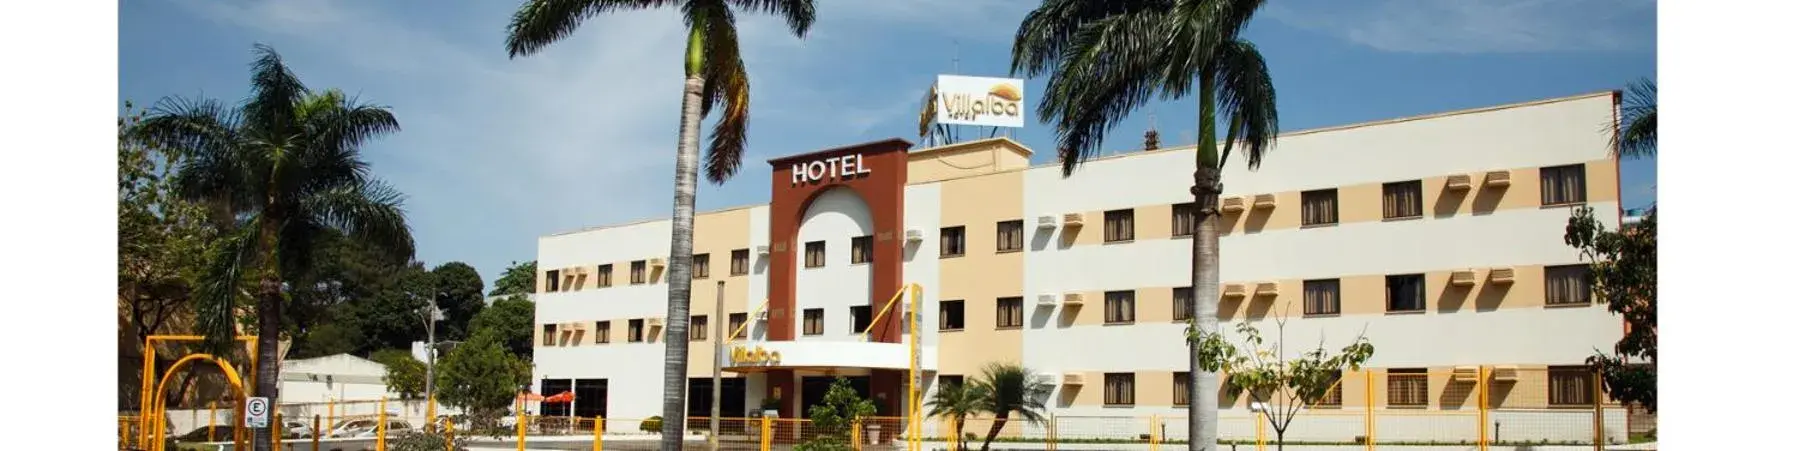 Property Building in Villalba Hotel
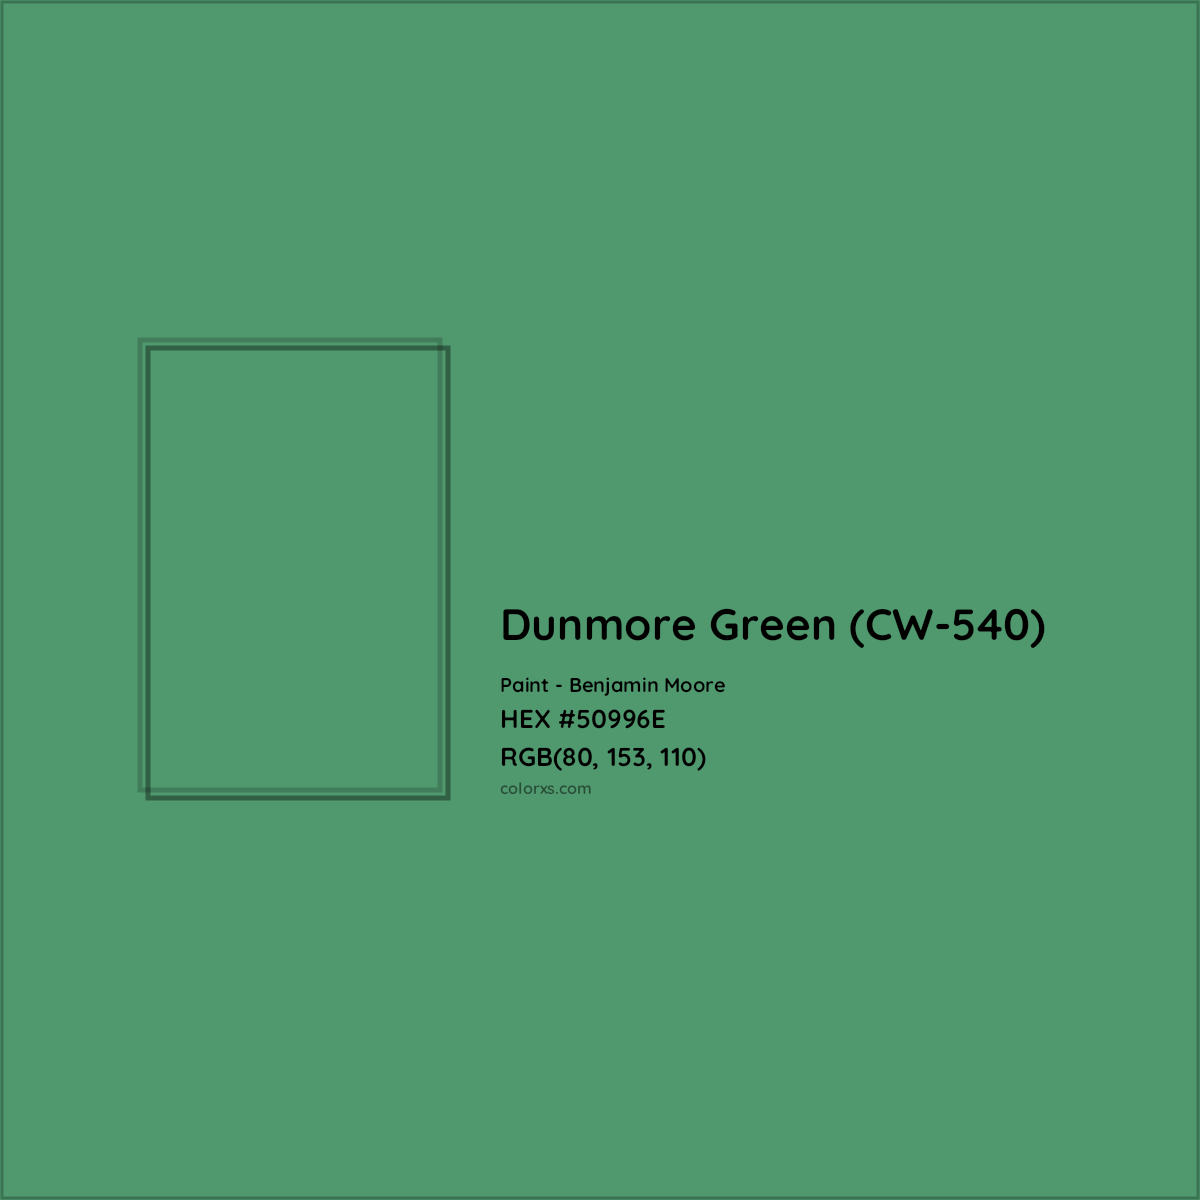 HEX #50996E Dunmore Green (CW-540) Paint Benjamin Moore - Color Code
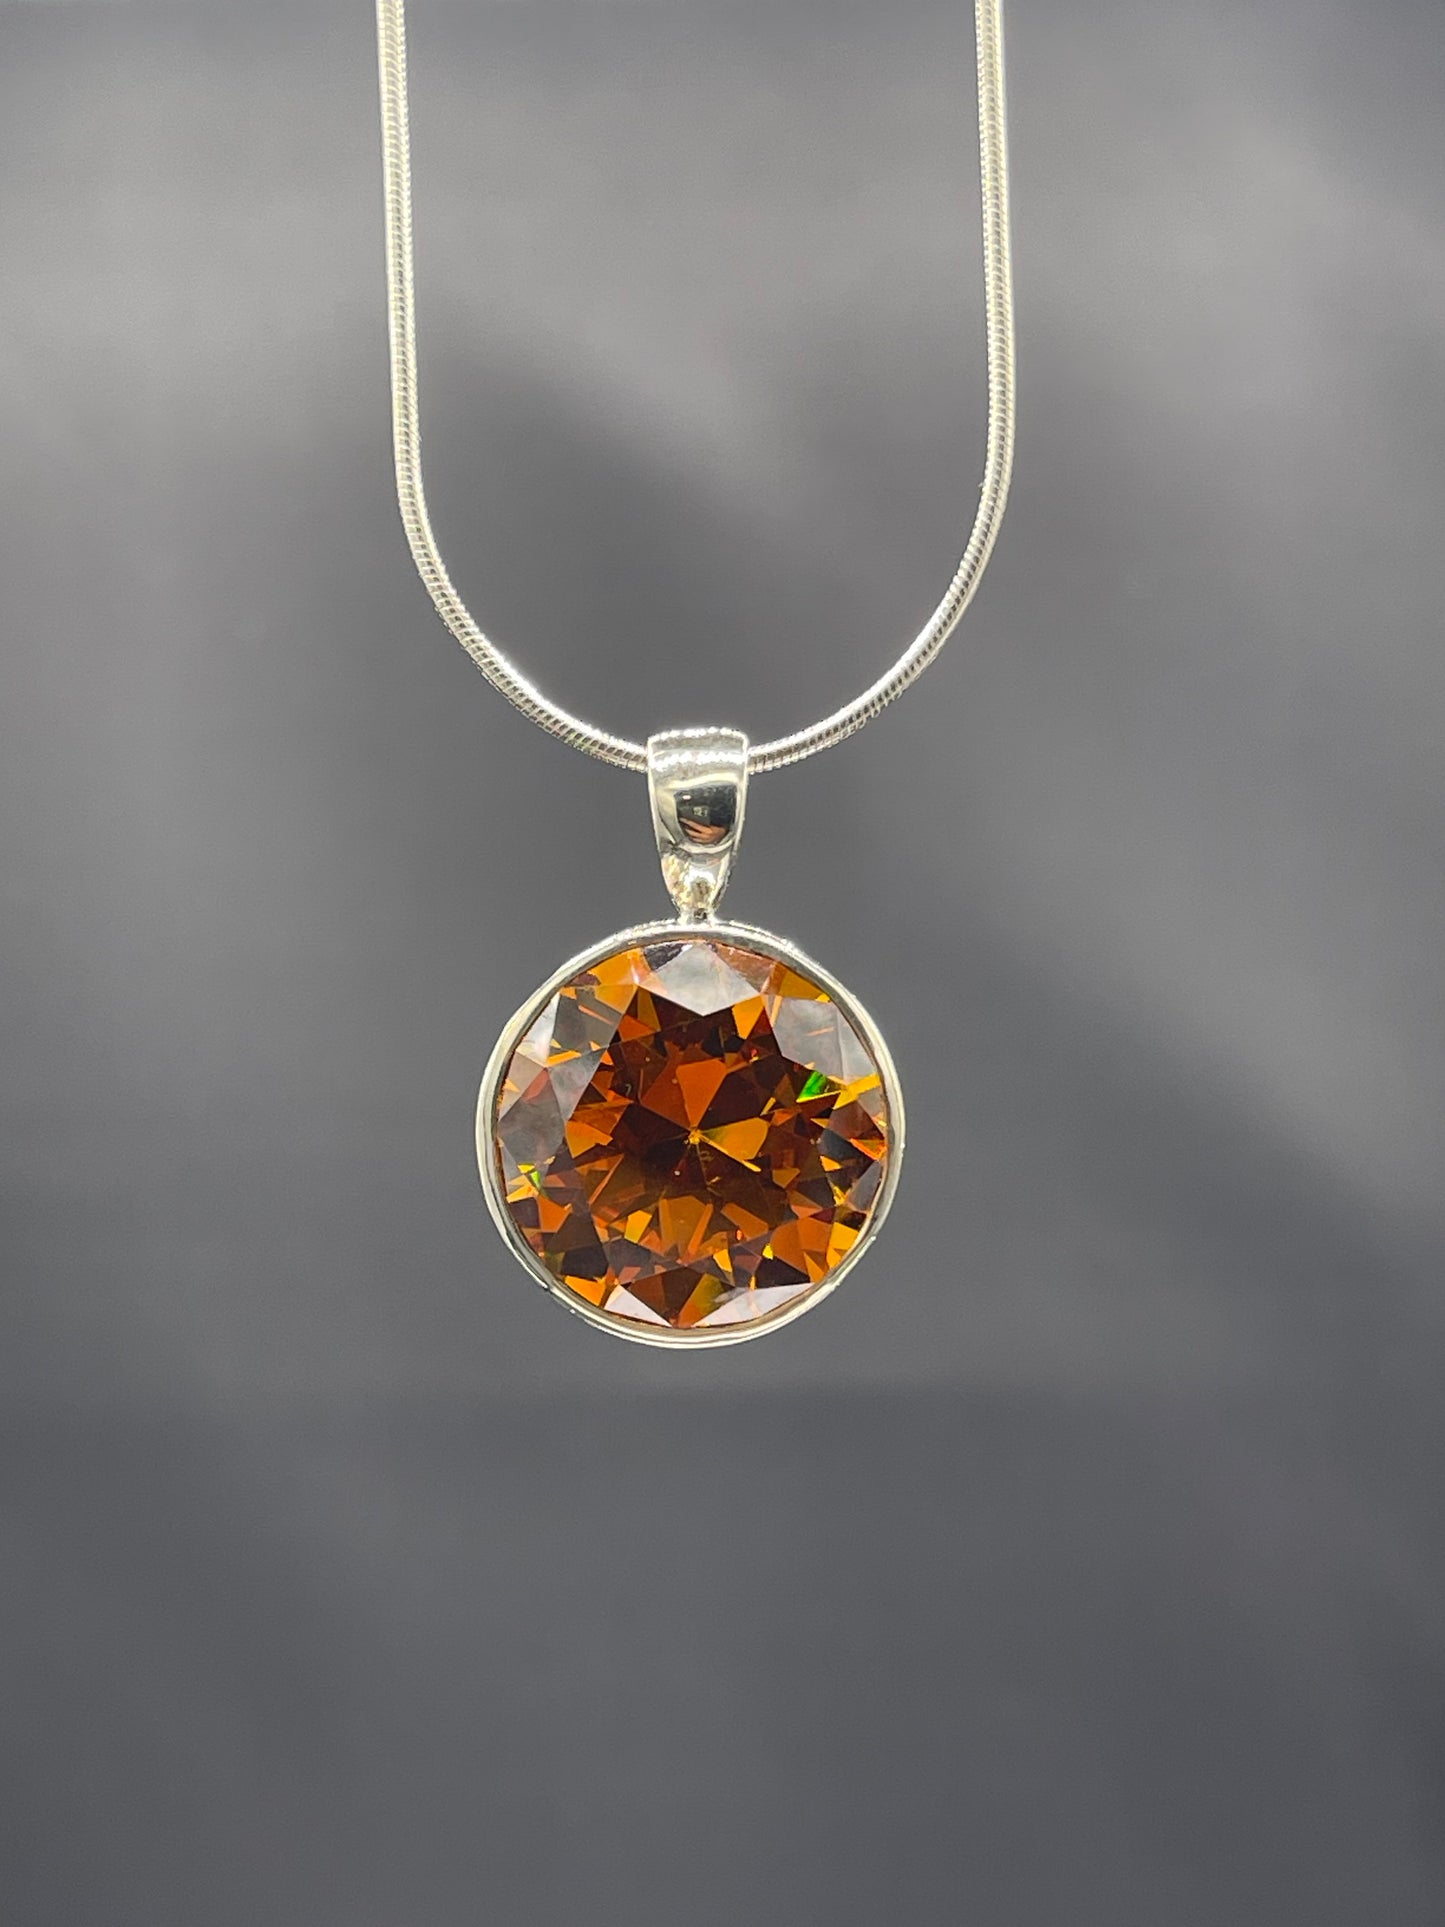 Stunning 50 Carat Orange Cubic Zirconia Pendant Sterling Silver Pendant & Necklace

● Goal of the exercise: Pictures stay out; retype only the lines from the line containing "HEX #50996E Dunmore" through the end of the listing, inclusive, exactly as they appear.

● Solution to the exercise:
 HEX #50996E Dunmore Green (CW-540) Paint Benjamin Moore - Color Code
 Stunning 50 Carat Orange Cubic Zirconia Pendant Sterling Silver Pendant & Necklace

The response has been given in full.